480 - Workplace-Based Clinical Assessments of Medical Students Reflect Assessors and Random Chance More Than Students

Friday, April 28, 2023

5:15 PM – 7:15 PM ET

Poster Number: 480
Publication Number: 480.123

Rachel A. Arnesen, Weill Cornell Medicine, Bethesda, MD, United States; Daniel Restifo, Weill Cornell Medicine, New York, New York, NY, United States; Thanakorn Jirasevijinda, Weill Cornell Medical College, New York, NY, United States; Adin Nelson, Weill Cornell Medicine, New York, NY, United States

Presenting Author(s)

Rachel A. Arnesen (she/her/hers)

Medical Student
Weill Cornell Medicine
Bethesda, Maryland, United States

Background: Medical students’ clinical performance is assessed both qualitatively (with narrative comments) and quantitatively (with numerical scores). Those scores play a large role in students’ final grades and residency applications, but previous studies have questioned whether clerkship clinical assessments truly reflect the student or the assessor.

Objective: 1) To explore sources of variability in quantitative student assessments including assessor characteristics, student demographics, and rotation site and sequence; 2) To test assessment reliability and determine the number of assessments required for a valid metric of student performance.

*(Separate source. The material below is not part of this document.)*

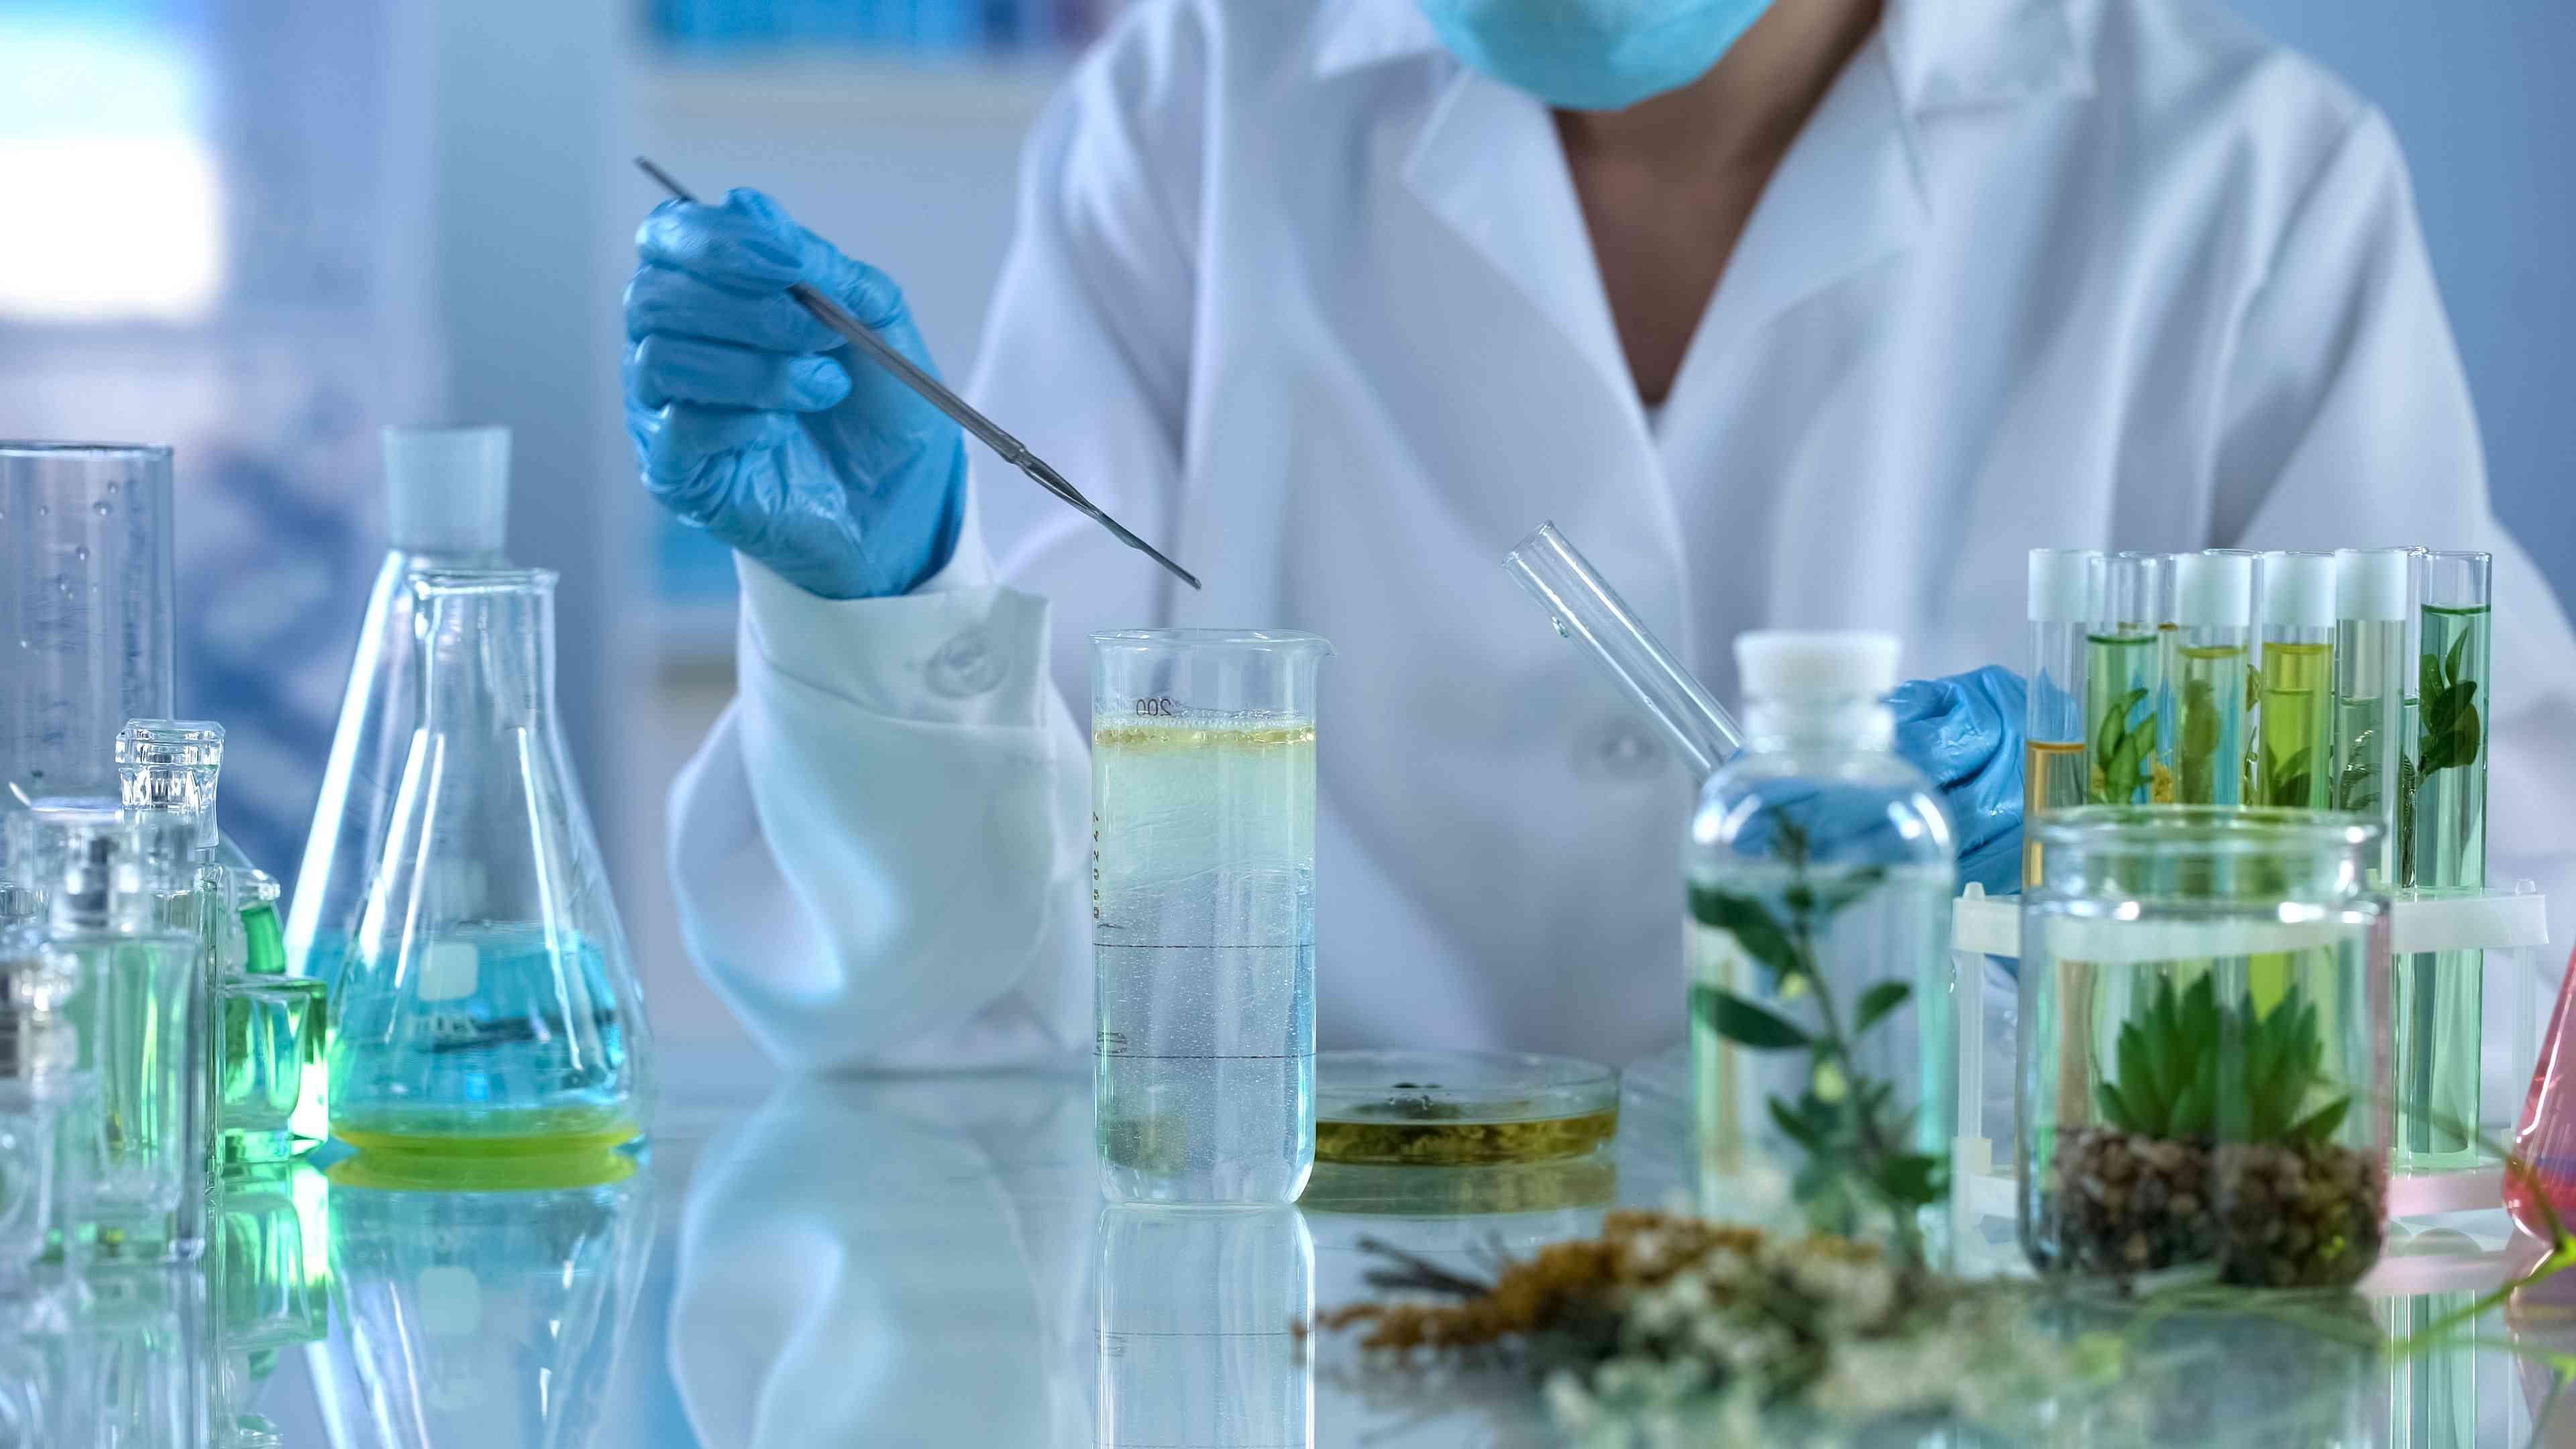 A scientist in a lab creating botanical formulas.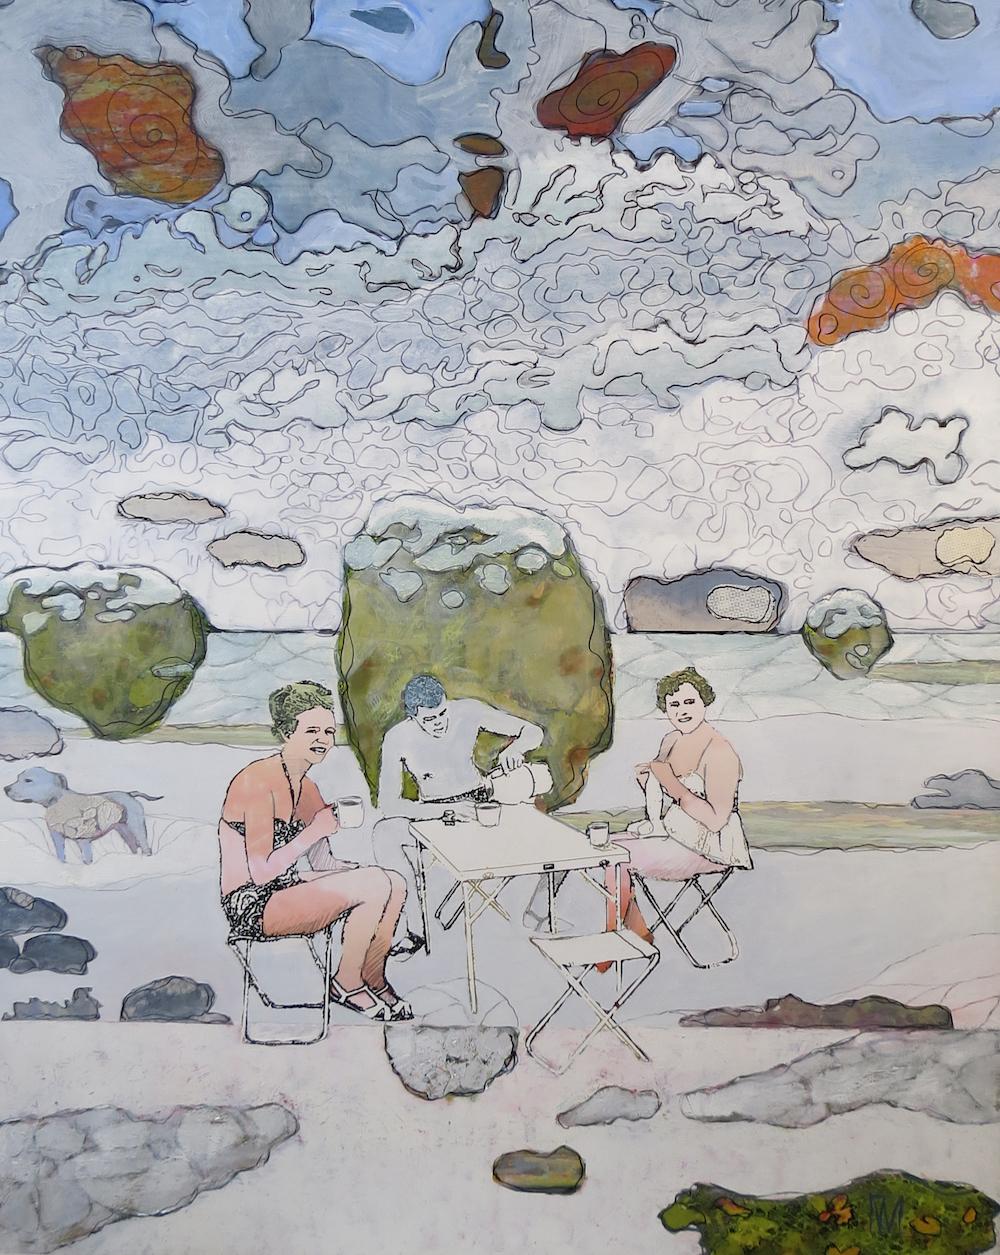 Urban Wikberg Mixed media|Fine Art Print på canvas och måleri 80 x 100 cm 18 000 kr urbanwikberg.se

Design/Methods: We conducted a retrospective cross-sectional study of written assessments (SPEs) in the Pediatrics Clerkship at Weill Cornell from 2018 through 2021. The SPE is a standardized assessment form of twelve questions with behavior anchors on a 4-point scale. We used a linear mixed-effects model with student and evaluator characteristics as random effects to test whether the SPE scores correlated more with students or assessors. We then used a multivariable mixed-effects model to investigate the effects of various demographic and contextual factors. We also conducted a reliability analysis using the generalizability coefficient.

Results: We analyzed 2,958 SPEs submitted by 380 assessors (67% female; 36% attendings, 4% fellows, 60% residents) for 446 students (50% female). The median number of SPEs per student was 6. Interns and residents gave significantly higher SPE scores than attendings (p < 0.001), but there was no impact by gender, rotation site, rotation length, or time of year. We found a greater variance between assessors (0.090 points, SD 0.300) than between students (0.013 points, SD 0.115) and a large residual (0.080 points, SD 0.282), suggesting that assessor characteristics and random effects played a larger role in students’ scores than student characteristics. In order to reach 80% scoring reliability using the current assessment system, we would need a minimum of 24 SPEs per student.

Conclusion(s): We found that assessors’ characteristics and random chance contributed more variability to quantitative assessments of students’ clinical performance than student characteristics. Additionally, achieving 80% reliability with our current assessment system would require 4 times more assessments than students currently receive. Designing more-nuanced assessments with broader scales, improving training and guidelines for assessors, and soliciting more assessments per student may increase the validity of quantitative clerkship student clinical assessment.